An open-air stairway went up to the next floor, and a long breezeway led to the large post-operative surgery ward. Ten or twelve men in hospital smocks looked up as we entered. “The nurse has gone upstairs to match up some blood types,” one volunteered. “She’ll be back soon.”
Just then a blonde nurse about my age walked into the ward carrying several pages of a report. In my Red Cross training class, I’d learned that the blood from all donors was screened for syphilis, then re-screened if necessary, before being given to the Red Cross. All the samples were written up in a report and any that tested positive were referred to a doctor, so that an infected person could be informed. The men in the recovery ward had been cleared prior to surgery, so they could donate without additional testing.
Without standing on formality, Auntie stepped forward. “I’m Mrs. Goodhue, and this is my niece, Merrylei Wentworth. We’re from the Red Cross.” She pushed up her sleeves. “How can we help?”
“Jane Howard,” she said with a hurried scan around the room, as if to weigh the priorities. “You could make up three gallons of normal saline,” she decided after a pause. “We have three one-gallon bottles in the lab on the fourth floor.” She smiled at us for the first time. “And thanks. I’m alone here this weekend except for my aid, Melba.”
I followed Auntie up two more flights to where there was a rooftop library, squeezed between the laboratory and the surgery. A shudder rocked the building, made more violent by our height from the ground, and we rushed out to the rooftop to see what was happening.
Eight miles away, across all the roofs in downtown Honolulu and the spire of St. Andrews Cathedral, Pearl Harbor was engulfed in a haze of smoke so dense, that a leaden piece of nightfall seemed to have settled on it completely apart from the morning sunshine. Several planes darted above the smoke in elegant swooping circles but confined their flight patterns to the distance. If I didn’t know better, routine military maneuvers might have been going on at the base. Until a solitary fighter broke ranks from the squadron and headed toward the hospital.

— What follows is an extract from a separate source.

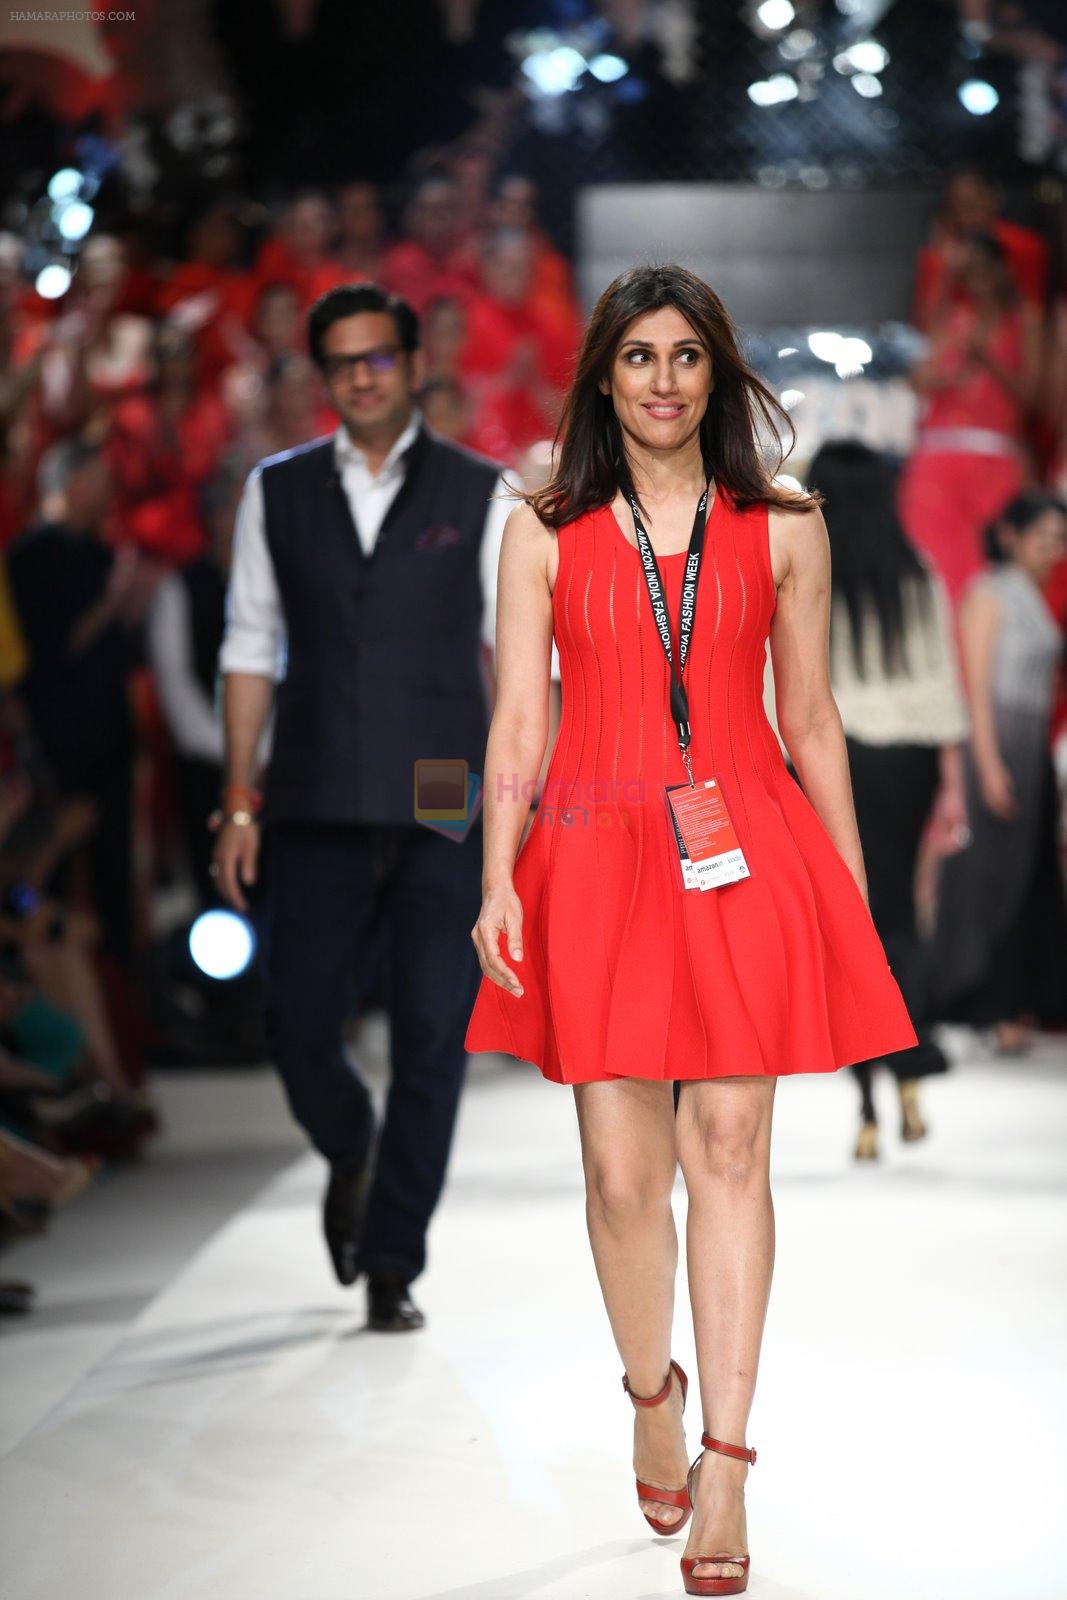 Model walk the ramp for Amazon India Fashion Week Grand Finale on 29th March 2015

There was a mesmerizing quality to the course he was on that kept Auntie and I rooted to the spot. I wasn’t as familiar with the large red circle of the rising sun on the wings as I became later in the morning. Certainly two women on a rooftop weren’t his target. The pilot must have thought we were crazy standing in the open with our hands up to shield our eyes from the glare. He passed over the roof so low I could see his face behind the goggles and the white headband wound around his forehead. To this day, I swear I would recognize that pilot anywhere. In the wake of an ear-splitting roar, the sweetly nauseating stench of burning aviation fuel filled the air around us. It was the first of many strange new sensations that assaulted me that day.
I don’t know what time it was when Edward found Auntie and me in the laboratory. We had finished mixing the saline and were about to carry the bottles down to the Liholiho ward by hand, because the elevators weren’t running. Melba’s almond-shaped eyes widened in apprehension when one of the orderlies suggested sabotage. She was closeted away in the laboratory preparing slides to do blood typing when the donations came in.

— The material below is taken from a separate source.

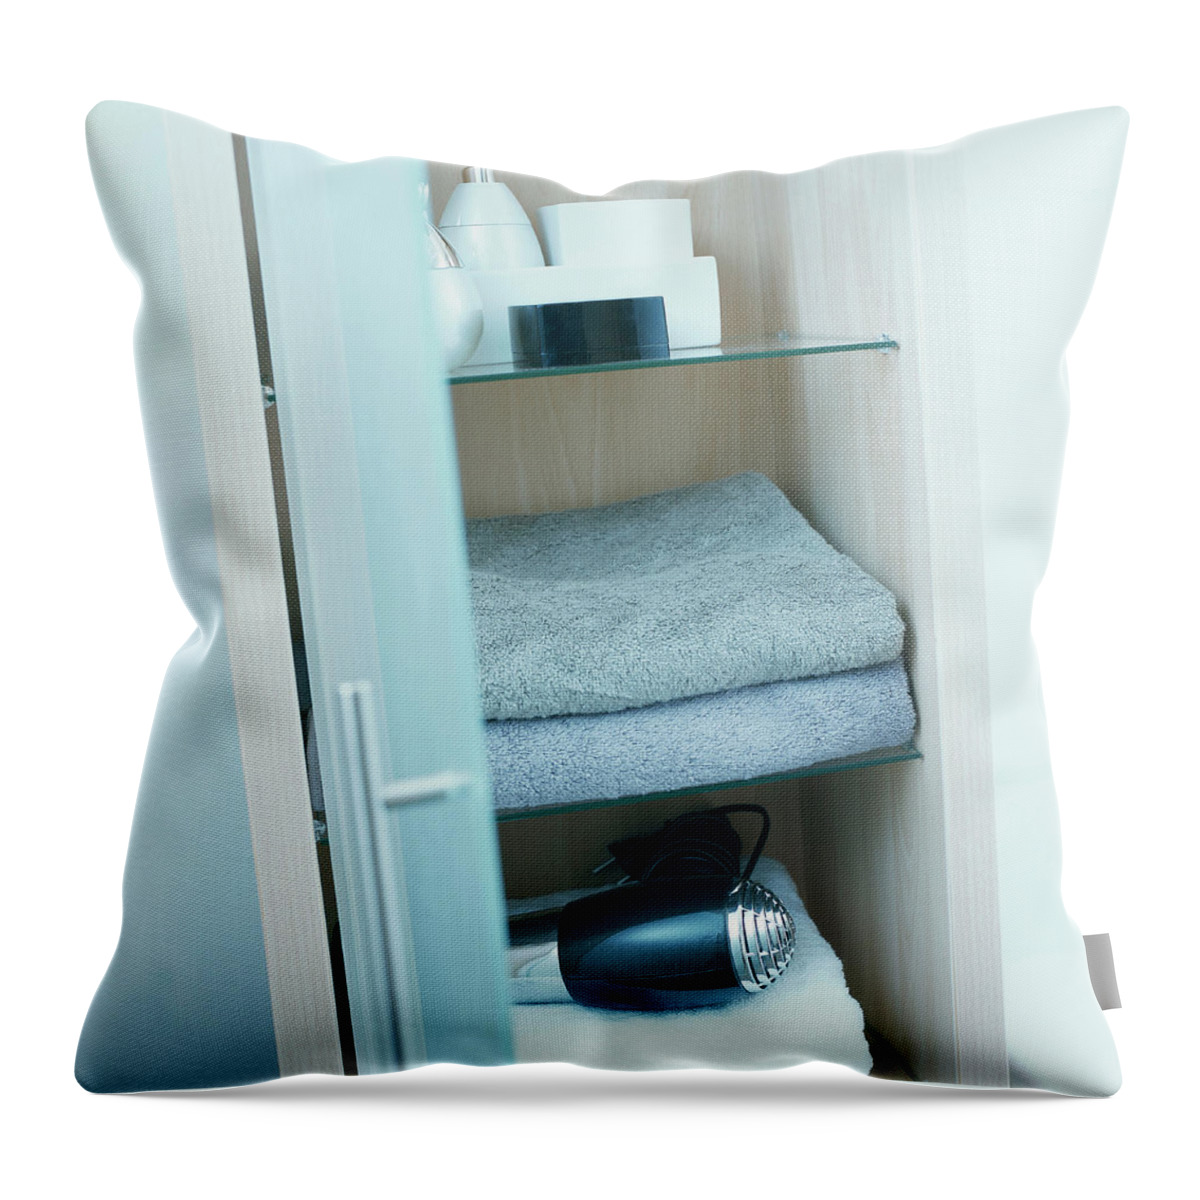 Ip_00340356 Throw Pillow featuring the photograph Towels And Hair Drier On Shelves In A Cupboard by Luc Wauman

Edward introduced us to the middle-aged woman at his side who was dressed in a khaki uniform. “This is Miss Ennis from the Red Cross field office.” He was in a white doctor’s coat that he hadn’t worn around the carriage house since his first house call. “The Commanding Officer at the Naval Hospital asked her to recruit volunteers. I knew she could count on you.”
Auntie searched Edward’s face for a minute, and I thought I saw him nod ever so slightly. “The naval hospital at Pearl Harbor?” she asked.
Miss Ennis nodded. “Injured men are coming in from the sinking ships. Swimming in, most of them. We need every hand we can find.”
Auntie appeared to deliberate before she spoke. “I worked in an emergency room, quite a few years back,” she said. “Yes. That’s where I can be the most help. We’ll take the back stairs and cut through the lobby to our car. Coming, Lei?”
“I’m not really a trained nurse,” I explained my hesitation to Miss Ennis.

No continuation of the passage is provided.